Nicolaas Bloembergen
Nicolaas Bloembergen (1920-2017)

Bloembergen started his studies in Physics at Utrecht University in 1938. When the Second World War started this changed student life altogether. His professor was removed from the university and Bloembergen had to prepare for his exams through self-study and by following the few lectures that were still held at the university.

It was no surprise, therefore, that after the liberation of the Netherlands, the young physicist set out for the United States as soon as he could, finding a position at Harvard.
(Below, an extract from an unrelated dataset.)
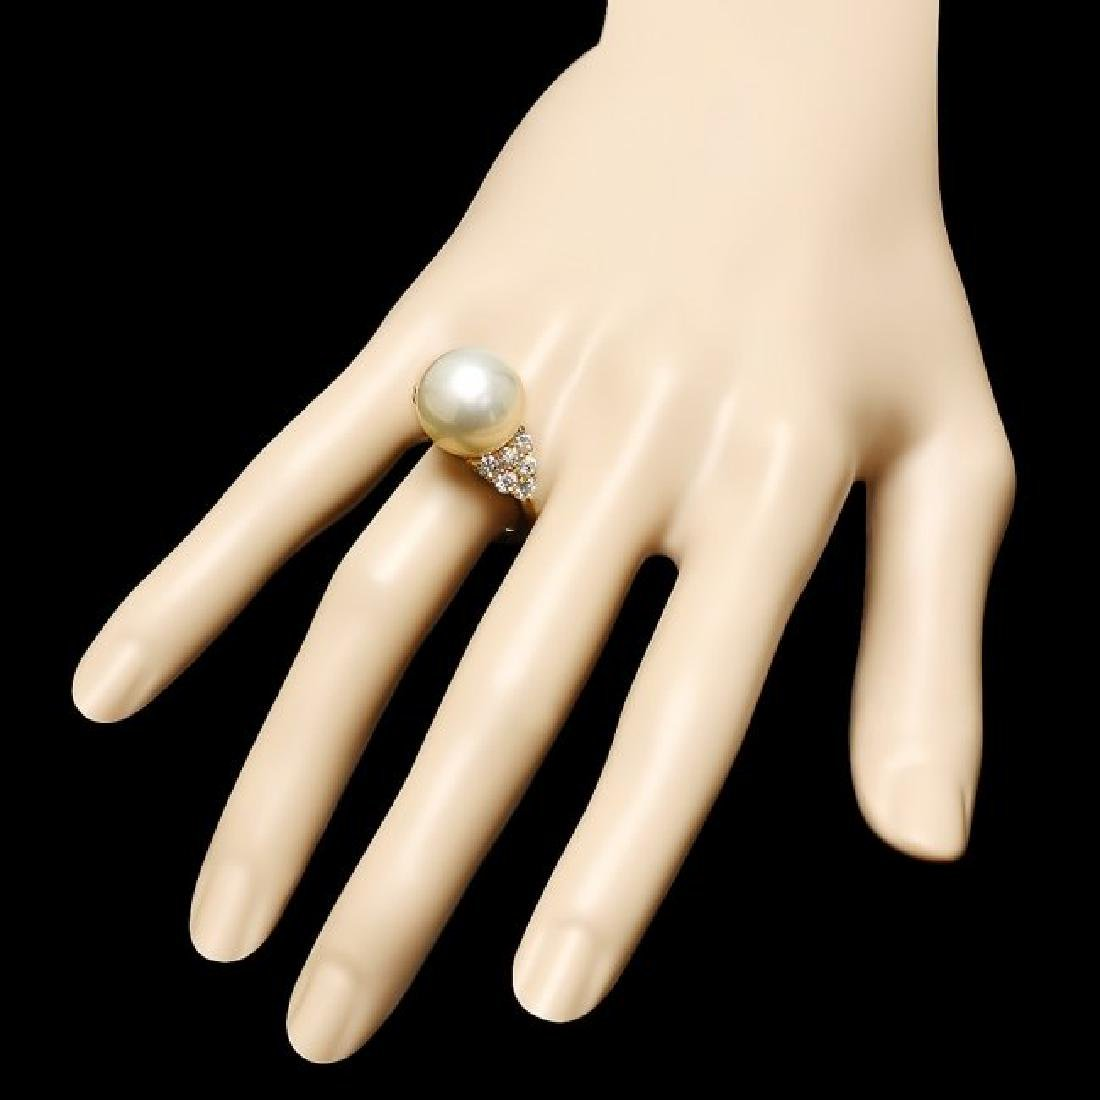 14k Gold 14 X 14mm Pearl 1.15ct Diamond Ring - 3

For where in a ravaged and impoverished Europe could find a place to carry out the doctoral research he had been planning for years? After his spell in Harvard he returned to Leiden, where he wrote his dissertation on Nuclear Magnetic Relaxation, a standard work that would be reprinted many times.

Bloembergen's NMR systems, which were revolutionary at the time, are still very much in use today in medicine, where they are used to examine internal organs and tissues.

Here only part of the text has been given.